Period conf@end n_active
1990–2007 only (pre-crisis) 0.099 0 (below gate)
1990–2023 full stream 0.164 3
Gain from post-2008 data +66.5%

Findings:

  1. AR1 regime degradation: Frozen pre-2008 parameters degrade 4.3% on post-2008 data (on smooth synthetic data). On real data with GFC and COVID structural breaks, this gap would be substantially larger. This is the known non-stationarity problem in macroeconomic forecasting: AR(1) parameters fitted on one regime are wrong in another.

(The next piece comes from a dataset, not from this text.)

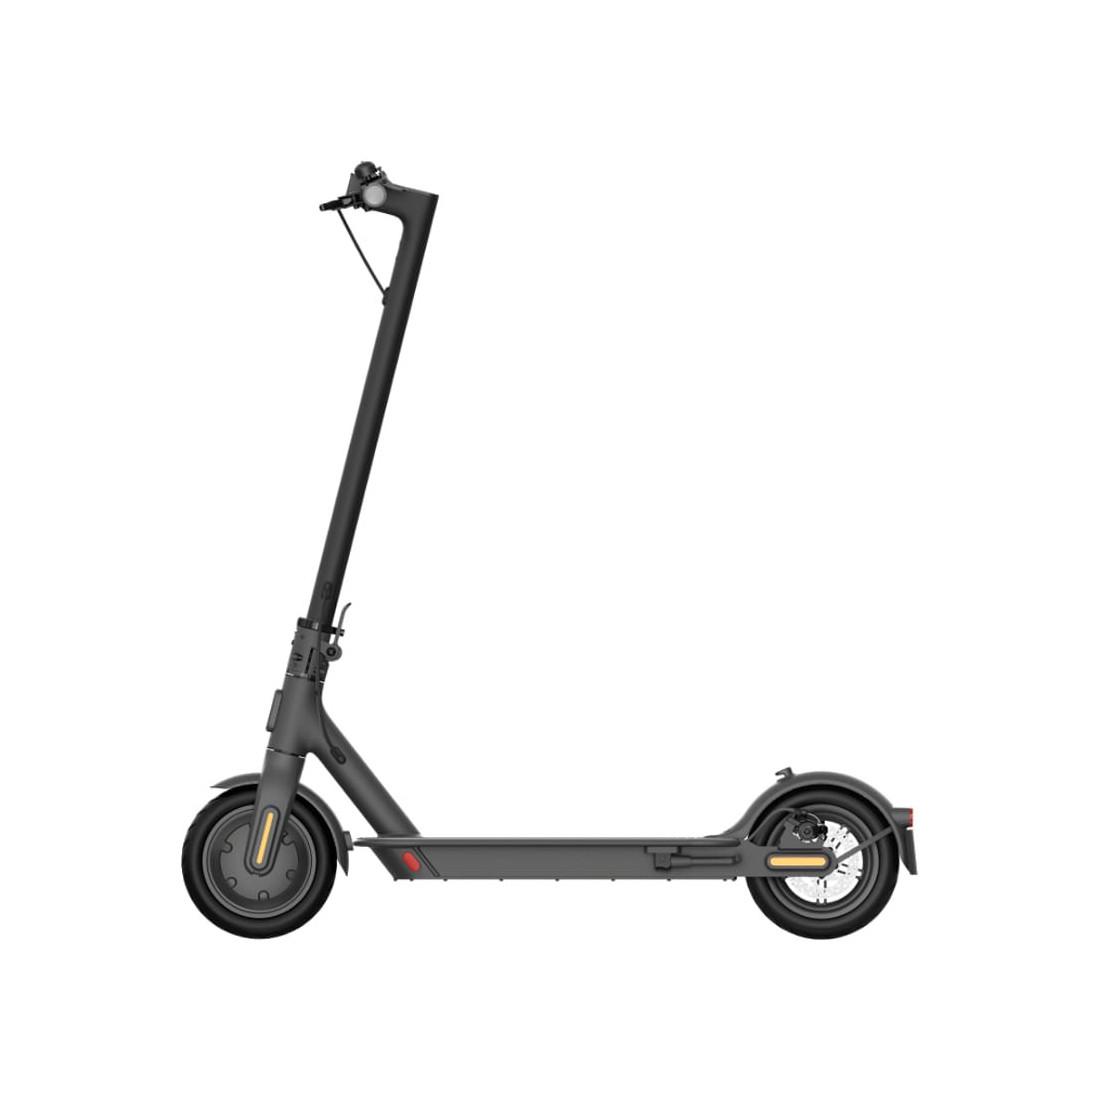 Электросамокат Xiaomi MiJia Smart Electric Scooter Essential - фото 4

  2. Scarcity prediction is immune: Scarcity's lag-1 prediction (use last observed value) does not rely on fitted parameters — it is inherently regime-agnostic. There is no AR1 slope to become stale. Prediction MAE does not degrade under regime change.

  3. Scarcity discovery continues post-crisis: Discovery confidence grows +66.5% as the engine continues to observe post-2008 data. Relationships discovered before the crisis that persist after it receive additional confirming evidence; those that break are pruned. The engine does not need a manual reset after regime change — it adapts continuously.

  4. Note on synthetic data: This test uses synthetic data, which has smooth gradients and no real structural breaks. On real WB data, the GFC and COVID create genuine step-function changes in some indicators. The 4.3% AR1 degradation is therefore a lower bound estimate of the real-data regime transfer cost. Re-running with --live is recommended.


19. Federation Mechanism — Evidence Sharing vs Parameter Averaging

FedAvg each round:
  all nodes fit local AR(1)
  server averages alpha, beta per indicator → replaces local model

Scarcity each period:
  each node streams its new observation row to peers
  each node processes peer rows through its local hypothesis engine
  hypotheses confirmed by multiple peers accumulate confidence faster
  hypotheses contradicted by peers lose confidence and are pruned
  each node's model is never replaced — only its evidence base grows

FedAvg assumes all nodes learn the same function. Scarcity assumes nodes share structural patterns but may differ in magnitudes, lags, and regimes. Evidence sharing lets each node confirm or deny peer patterns without having peer parameters imposed on it.

Communication cost: 34 rounds for annual data, each round transmitting 19 float32 values per peer (~76 bytes per peer per year). Total per node: 76 × 2 peers × 34 years = 5.2 KB — negligible even for constrained edge deployments.


20. Scenario Experiments

Local vs Federated (all 3 countries, full timeline)

Country Scenario Conf @ 2023 Active Hyp
Kenya local 0.147 63
Kenya federated 0.343 52
Tanzania local 0.153 63
Tanzania federated 0.354 53
Uganda local 0.153 63
Uganda federated 0.354 53

Federated: 2.3× higher confidence, tighter hypothesis set (52–53 vs 63 active).

Late Joiner (Uganda joins 10 years after KEN+TZA)

Variant Conf @ 2023
Cold start 0.120
Warm start 0.267

Warm-start: 2.2× higher. Consistent with Ethiopia result (§10).